As a side-note regex based parsers are a typical jumping off point because they’re accessible but they tend to toward brittleness with increasingly complex expressions trying to tidy up loose ends.
Writing a proper parser doesn’t have to be difficult and pays off in making it easier to reason about and modify. For my money parser combinators are accessible and powerful. Since I wrote my PC library I’ve found several applications that are just easier because I can quickly roll a parser to build an AST with error handling.
If it would be useful to talk over I’d be happy to.
Thank you, I would appreciate an introduction to that sometime. This is an iteration of the first parser I ever built, and I have increasingly noticed the brittleness now that I introduced new syntax for ChronicleHub specfically. So, if you could explain the other method sometime, perhaps it will lead to refactoring the logic into something more stable.
Currently using TypeScript for ChronicleHub, though in terms of pseudocode, I tend to be a little quicker to catch on to C#, as that is my most comfortable language to write in (if that is relevant).

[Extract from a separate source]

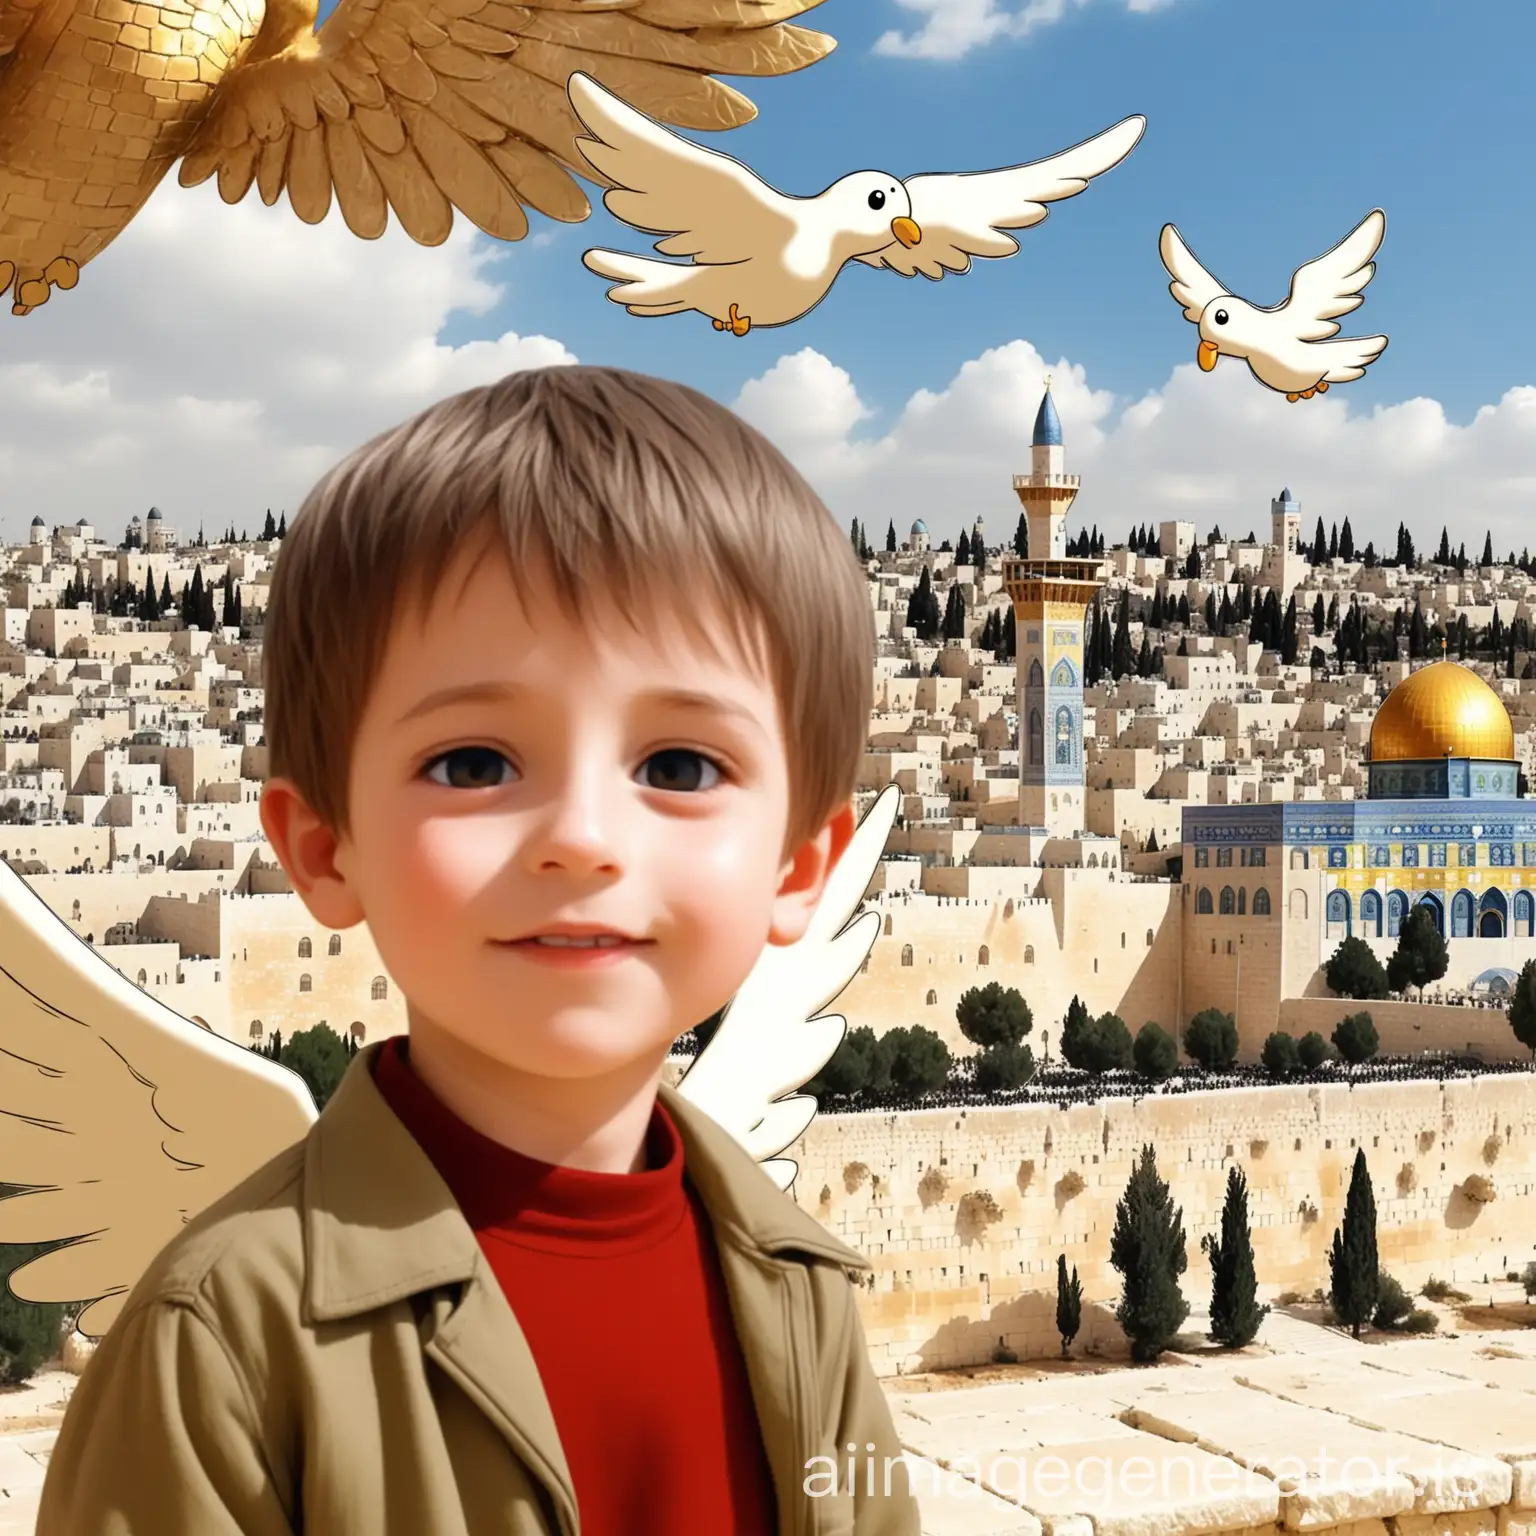 Child-with-Angel-Wings-in-Jerusalem-Cartoon-Scene

In many respects this is such low-level stuff (characters, data structure, and functions) that the language doesn’t matter. The type spec’ing might be tedious in TypeScript tho. But I guess we’d muddle through. Or use C#. It’s been a while but, again, muddle through. The nice thing about parser combinators is they are so simple … it seems like a trick and that they couldn’t be as powerful as they are.

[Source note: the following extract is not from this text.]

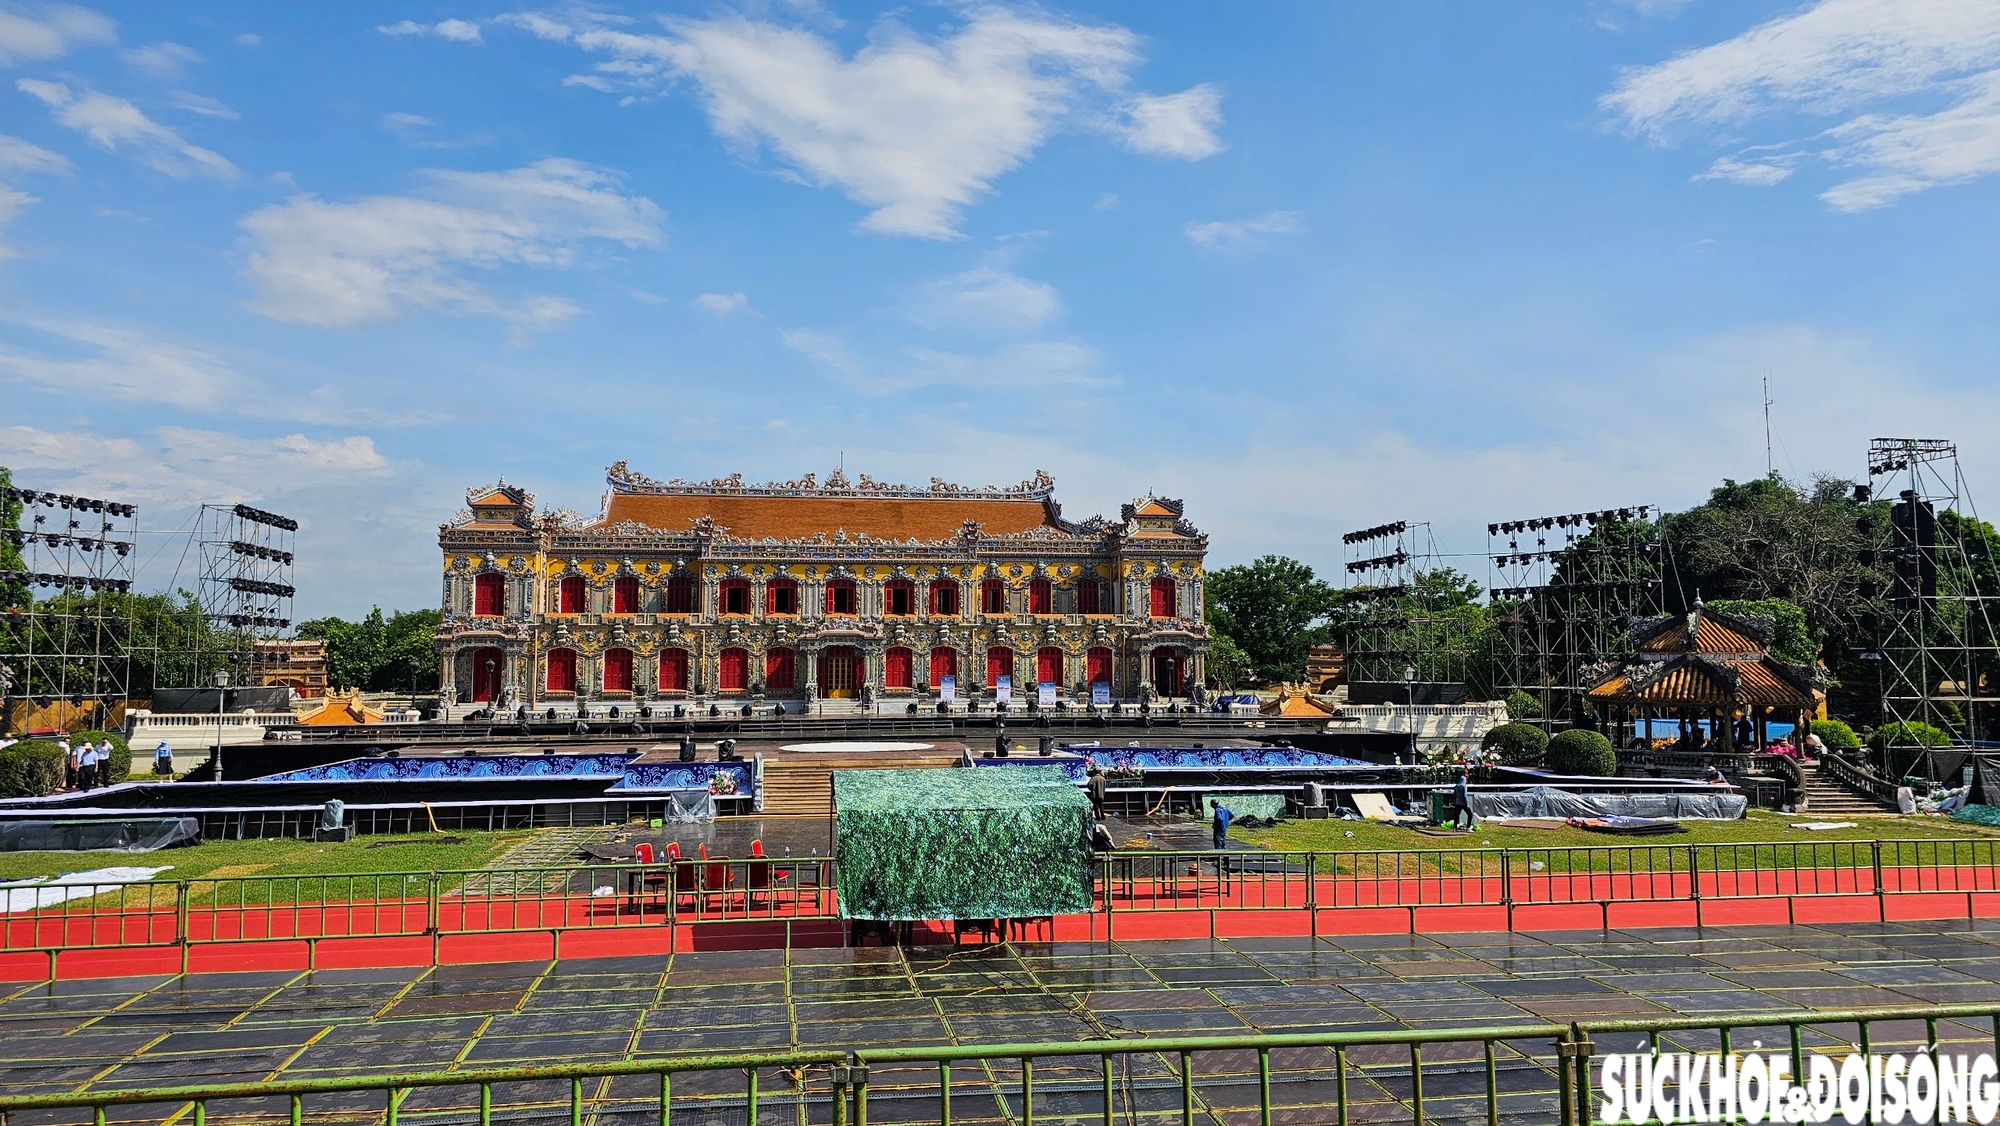 Gấp rút chuẩn bị khai mạc Festival Huế tại cung điện triệu đô- Ảnh 1.

Would you mind sending me a private message? If need be, I can share the place in the repo where parsing is currently handled.

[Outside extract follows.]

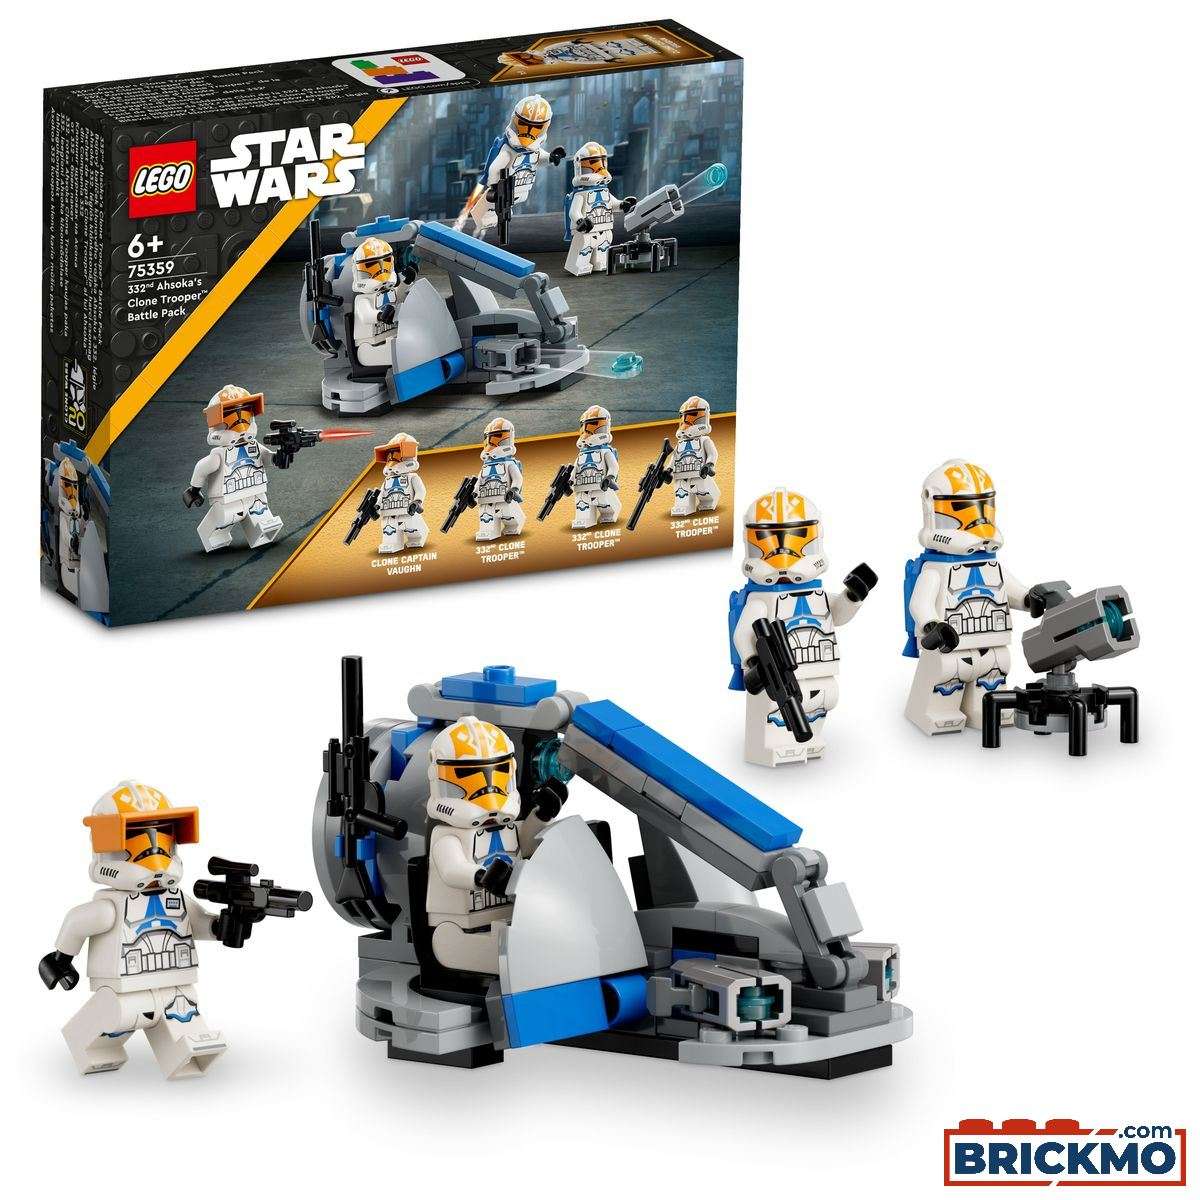 LEGO Star Wars 75359 332nd Ahsoka&#039;s Clone Trooper Battle Pack 75359

Or keep it public for the edification of all!
Either way, the main parsing logic is handled here:
And the most frequent class interacting with it is here:
There were attempts at refactoring it into sub-classes, but I gave up when I got too frustrated with the parser breaking. The code is still around in the scribescript/ folder.
It should quickly become apparent that, while I’ve programmed for about 10 years casually, this was my first attempt at a DSL.
I love reading about parsers (and all programming language theory, to be honest) and I don’t know very much about parser combinators as an approach, so I’d be delighted if you decided to do this publicly!
Yeah, parsers are fun! For some values of fun. I played with Earley parsers a long time back because I was curious about the research literature (I found out through the forum that Draconis actually found my intro helpful which was cool!), and these days I lean toward an extended shunting-yard parser for anything that can handle, just for sheer simplicity. But using parser combinators for recursive descent or PEGs is certainly a great way to go too. Maybe a new thread?
I’m by no means an expert although I have implemented a parser combinator library, Ergo, (partly because I didn’t gel with the dominant libraries in Elixir, and partly as a learning exercise) which I have used to build a number of reasonably complex parsers, including the parsers for the Rez language, Mangle assembly language, and DemoGen.
I’m happy to share what I know. My opening gambit would be either an open Zoom call (I pay for Zoom so can host) or something on the IF Discord.
Open to alternative approaches/venues and happy to share the floor with anyone else who has a perspective they want to share. E.g. I would appreciate hearing about PEG parsing as it’s not something I’ve used for over a decade and I’m rusty.
I’m afraid I haven’t played with Parsing Expression Grammars in at least that long either… they use ordered choice (always choose the first option if it matches, unlike context-free grammars where either can be chosen) which eliminates the ambiguity (multiple ways to parse an input). That can make writing grammars simpler, because you don’t have to work as hard to remove ambiguity, but otherwise my recollection is that they’re very similar to writing a recursive-descent parser for LL(k) languages (that is, grammars with no left-recursion)…
Okay with some caveats in place like I am not a Typescript user and Rez uses Javascript at all only because it’s generating code for use in a browser and that’s the language we have.
I think you’d have a job of work ahead of you to write a “proper” parser based on this code. It’s complex and it appears to intertwine parsing & action. I can see pretty clearly how you’d do it, but it wouldn’t be trivial. I don’t want to sugar coat that.
So, if it were me, the questions uppermost in my mind would be “How long do I plan to own this code?” and “Is it done, or is there more to do?”
If the project is done and you don’t have significant features to add and it works more or less bug free then unless you have an itch to scratch, you might be better off leaving it as it is.
On the other hand, if you’re wrestling with adding new features, perhaps finding that going slower than you would like, and find bugs popping up and you plan for this to be a long-term thing, then the investment in building a parser for scribescript is more likely a worthwhile investment.
Either way, I am still happy to run a session introducing parsing with parser combinators.
Right now, the code is in a pretty good place. I can at least keep up with any updates I have to make to it and it’s maintainable enough. But, it’s definitely a long term thing, and I am nothing if not eager to experiment with better ways of handling code. This is definitely in the itch to scratch category, though it does mean it will be lower down on the priority list.
I hang out in the IntFiction Discord as @sandbags so if anyone wants to chat parsers & parser combinators, ping me there. I’m the UK so best times for me to talk are usually going to be 19:00-22:00 GMT.